Multuprocesscook write file conflicts

Hi, we have encounted an cooking error when enable multiproce​ss cooking:

[Image Removed]

This is caused by a wwise audiobank data(shared.bnk), which is referenced by multiple uasset such audioevents, and those audio events are divided into different cook workers. While cooking those audio events, it will add the referenced audiobank to addtionalfiletocook list, which causing the same audiobank be writen to cooked folder mutiple times by differents cook processes. And it lead to write conflicts(in ) with a certain probability in the function WriteToFile[Image Removed]

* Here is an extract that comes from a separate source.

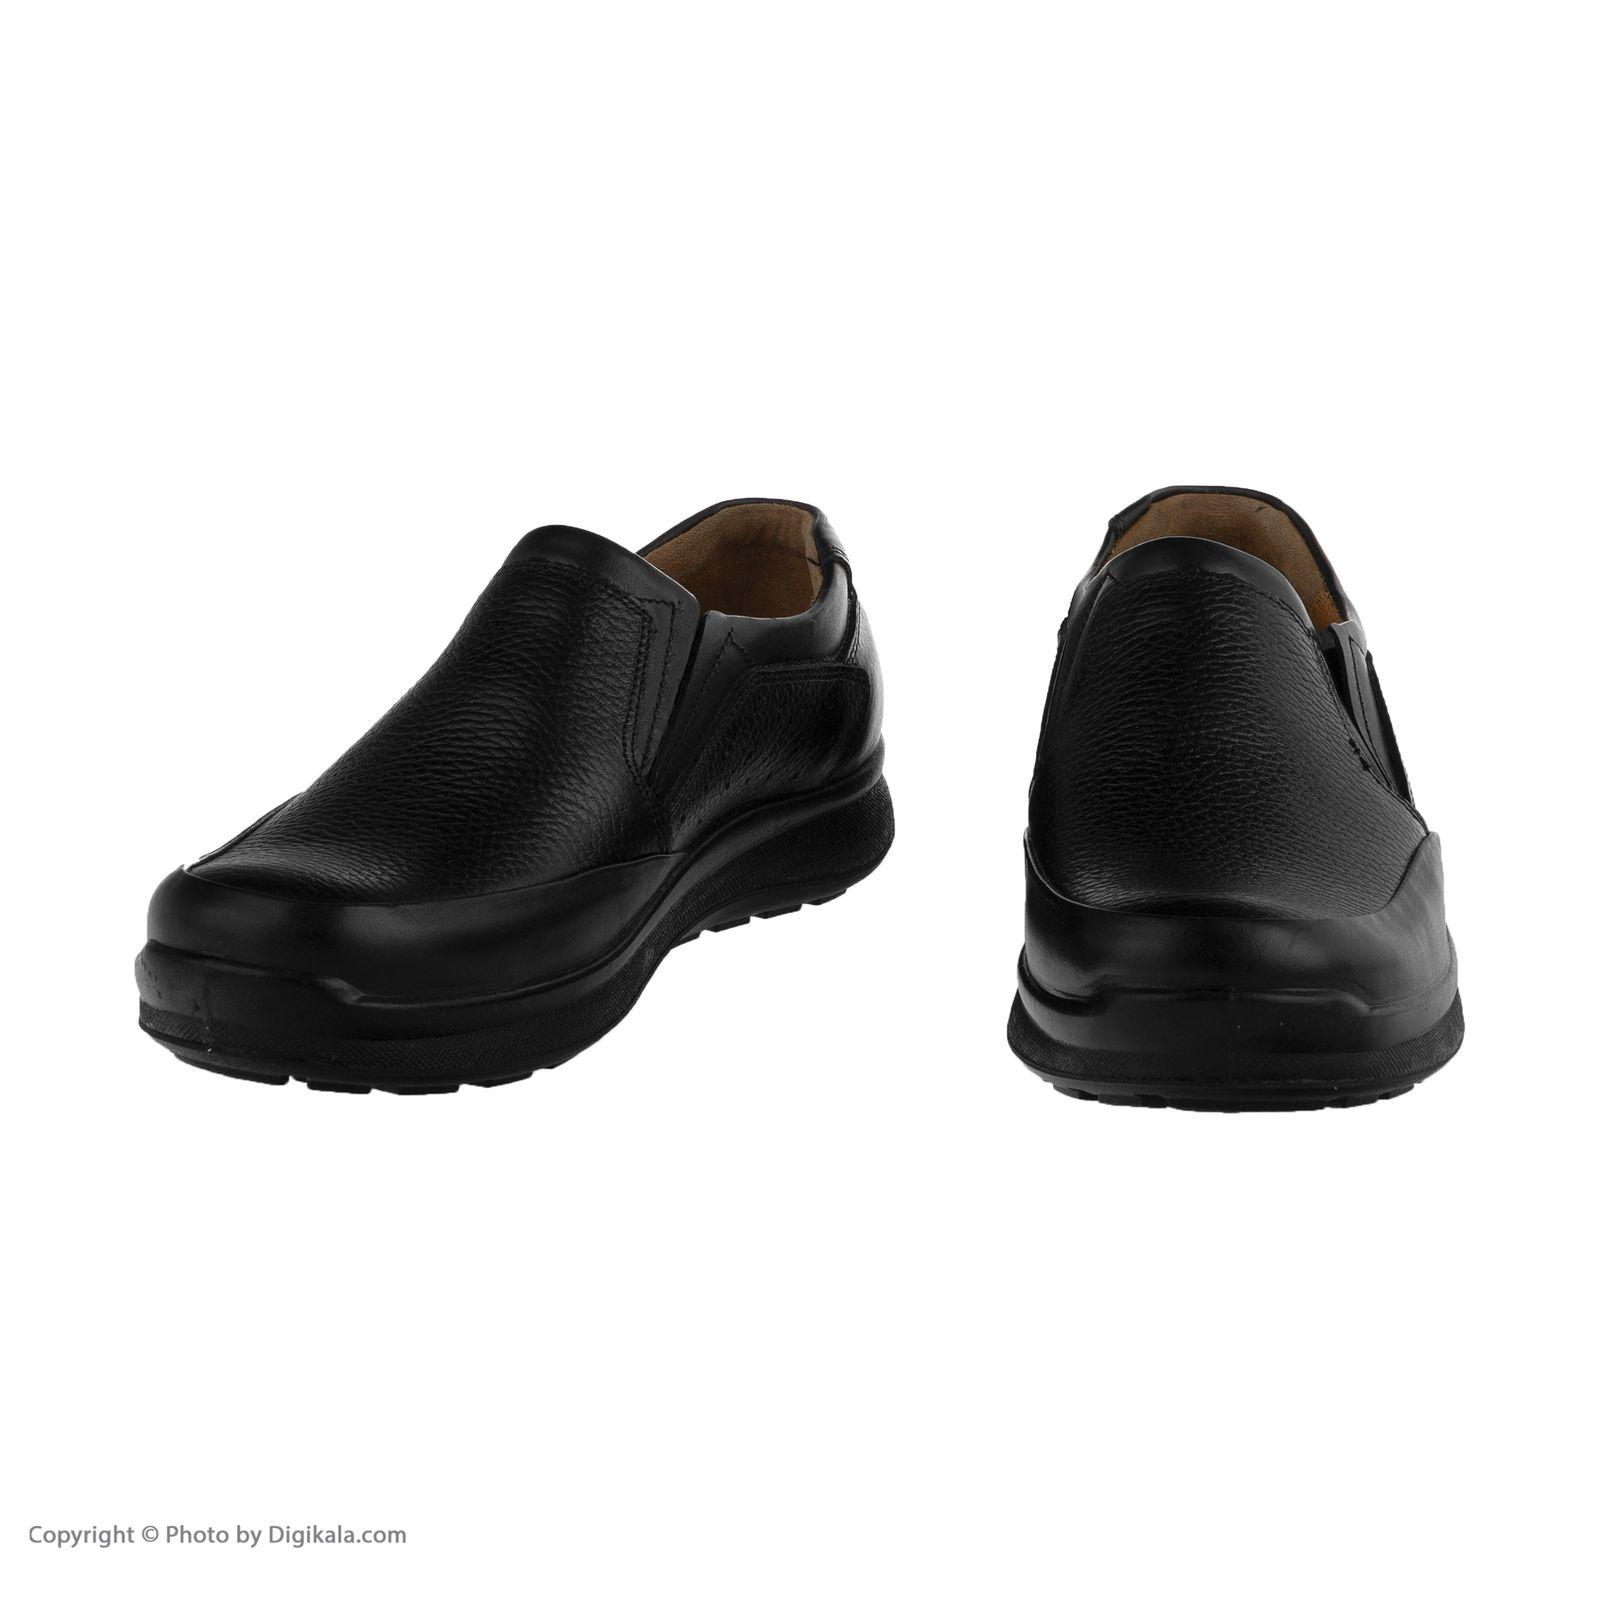 کفش روزمره مردانه سوته مدل 5033A503101 -  - 5
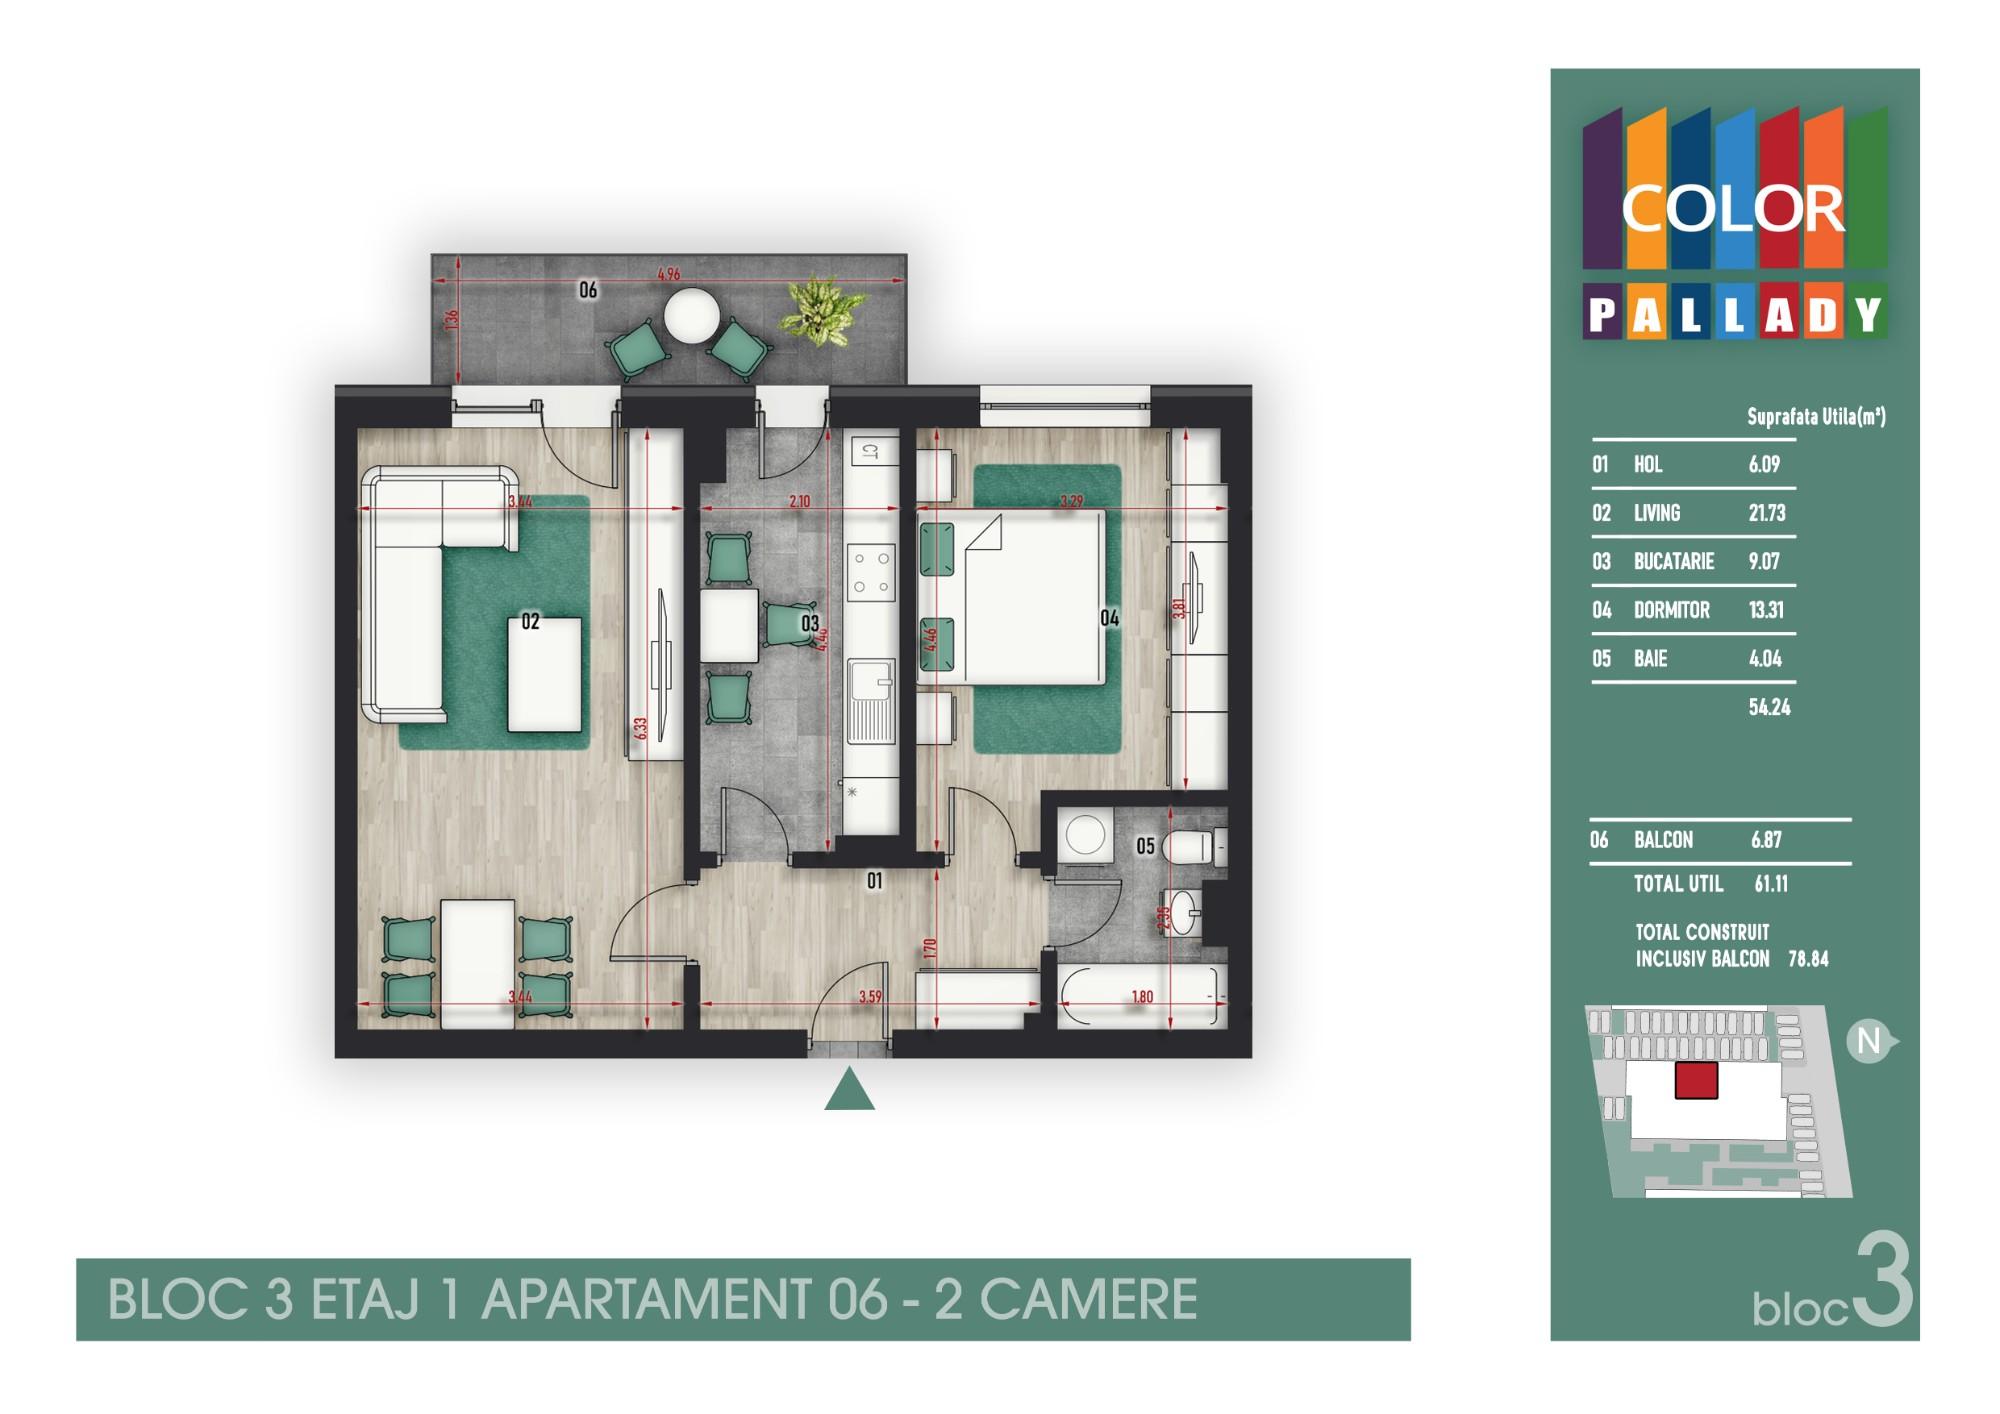 Bloc 3 - Etaj 1 - Apartament 06

I have two questions here:

1. is these scenario will be arised even in none-wwise uasset when using LoadBalanceStriped with MultiProcessCook? It seems that in LoadBalanceStriped mode, package will divided into different cook processors without considering dependencies, thus would cause same uasset cook and save duplicately, which lead to write conflicts issue? For instance, both assetA and assetB hard depend assetC, and assetA is in cookworker0, assetB is in cookworker1, causing assetC loaded and saved twise.

2. Is there any way to avoid this? In wwise case, should the multi referenced audioasset like shared.bnk bind to specific cook processor such as director? Does unreal have this mechanism?

1.

This will not occur with packages. Each package is saved by only a single CookWorker. When a CookWorker receives an assignment to cook a package, it does not cook all of the packages referenced from that package, it cooks only the single package assigned. When it discovers dependencies, it reports those dependencies to the CookDirector. The CookDirector ignores the report if it already knows about the dependencies, and otherwise assigns each dependency to a single CookWorker to cook.

2.

I haven’t heard of this problem before, but I have heard of Wwise’s use of CookAdditionalFilesOverride and the possibility of a single AudioBank being referenced by multiple packages, so I understand why the problem is occurring. Since I haven’t heard of it before, but MPCook has been recommended since 5.4, it seems likely that the Wwise team has worked around this already; you should reach out to them to find out whether they have encountered this problem and worked around it.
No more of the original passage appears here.